Стоило им уйти, прохвост вылез из убежища, довольно хмыкнул и уже поспешил к самокату, как отцовская рука отвесила ему легкий подзатыльник.
- Тоже мне, рейнджер! Сколько раз говорить, чтоб ты не путался под ногами! И Рубину прекрати доставать! Если она тебе нравится – ухаживай, а не за косу дергай! Понял?
- Понял… Только я боюсь, что она уедет, как только с этим репетитором все отрепетирует! Уедет, как Кира! И я снова останусь ни с чем! – Чиро обиженно сморщился.
- Смотри-ка! Не дорос ты ещё, парень, до девок! – Вайда как всегда вставил свои пять копеек.

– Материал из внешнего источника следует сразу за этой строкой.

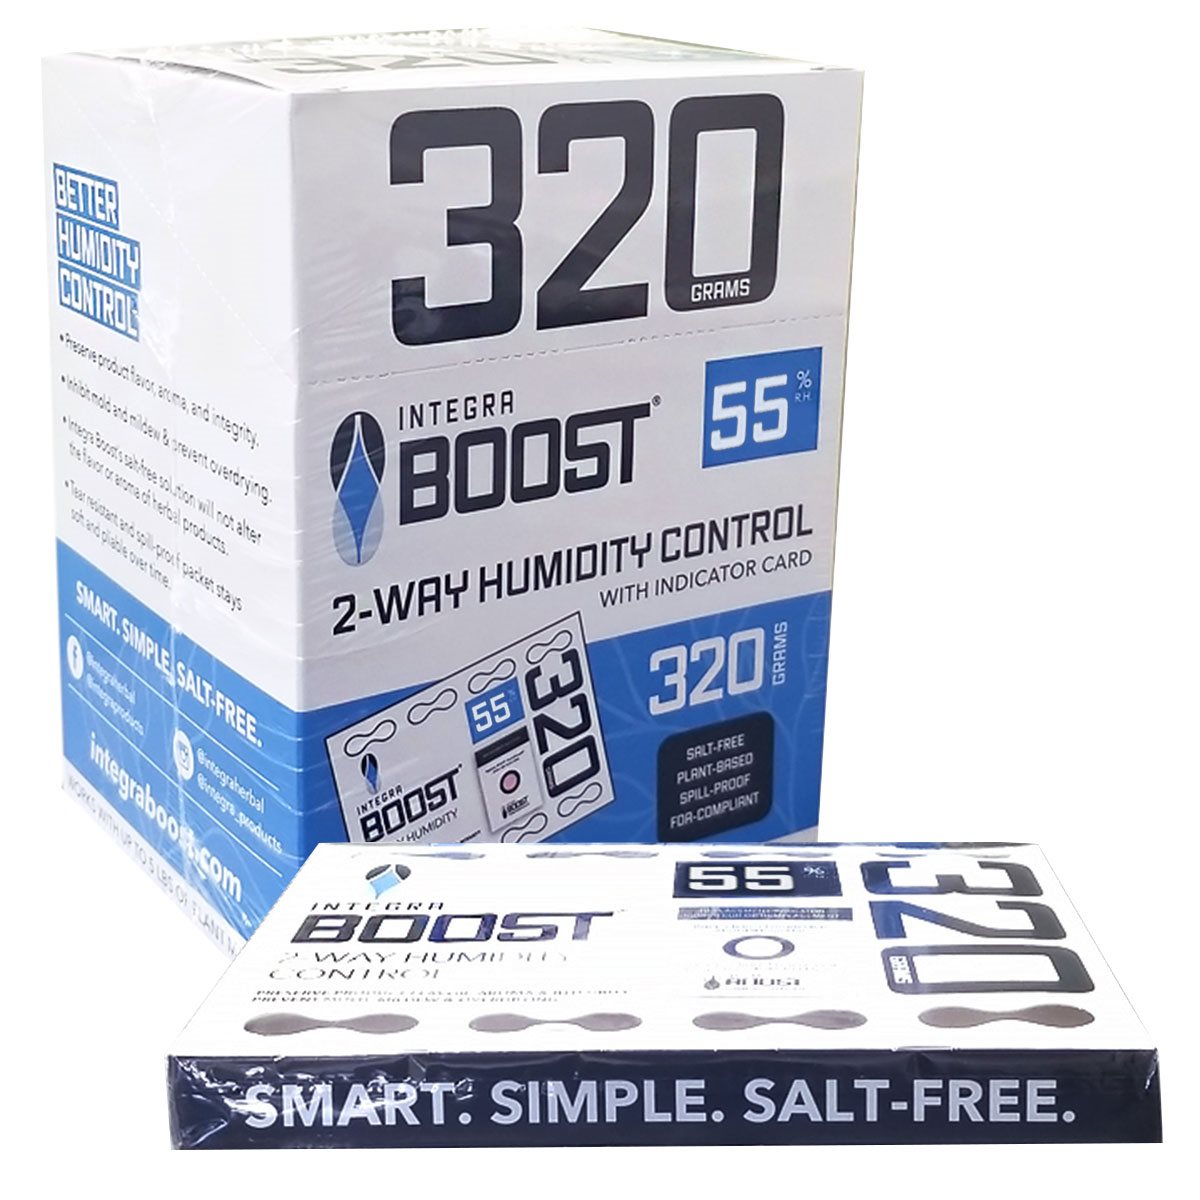 Humidity Pack- 8 Gram Size Integra Boost 2 Way 62% RH (100 Units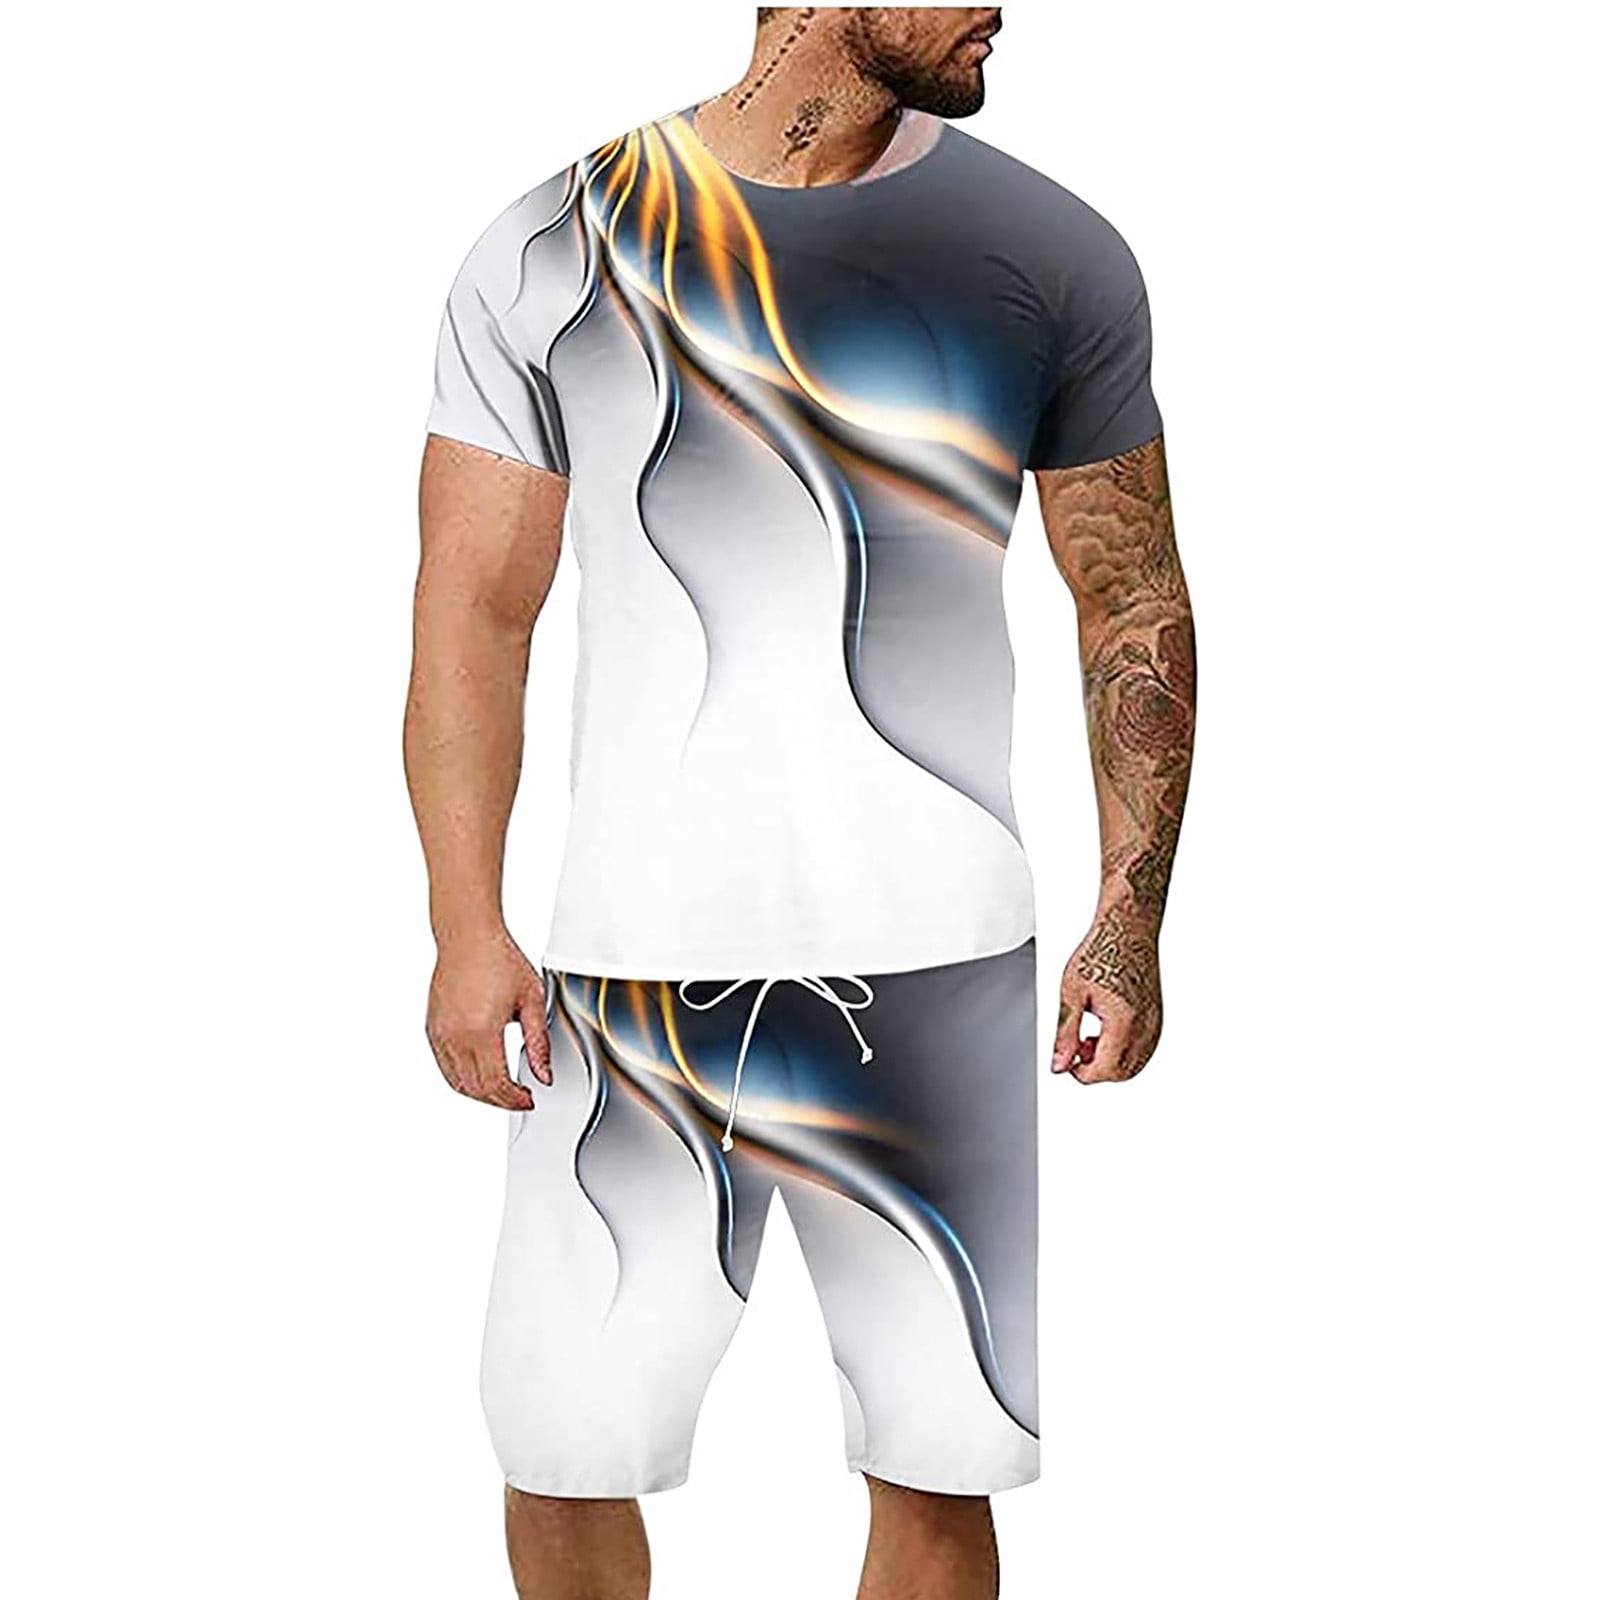 SDJMa Men's Relaxed Fit Heavyweight Short-SleeveMen's Sports Running  Basketball Training Suit Quick-drying Short-sleeved T-shirt

- Помолчал бы! На себя погляди – ни жены, ни детей, околачиваешься в пивнушке после спектаклей! – Маргоша деловито спустилась со сцены.
- Можно подумать, у тебя с Кружкой дети есть! – огрызнулся скрипач.
- Будут! Скоро и будут! – с загадочным видом женщина расселась в кресле.
- Так значит, Сашка не брешет? – Степан почесал за ухом.
- А что, он уже успел всем и каждому рассказать?! Вот охламон старый-то! Ну и устрою же я ему сегодня! – она сжала кулаки. – Ну, ведь ничего мужику доверить нельзя! Лучше б я сразу по радио объявила!
- Ой, да ладно, тебе, Марго! Радуйтесь! Это ведь счастье! Детки!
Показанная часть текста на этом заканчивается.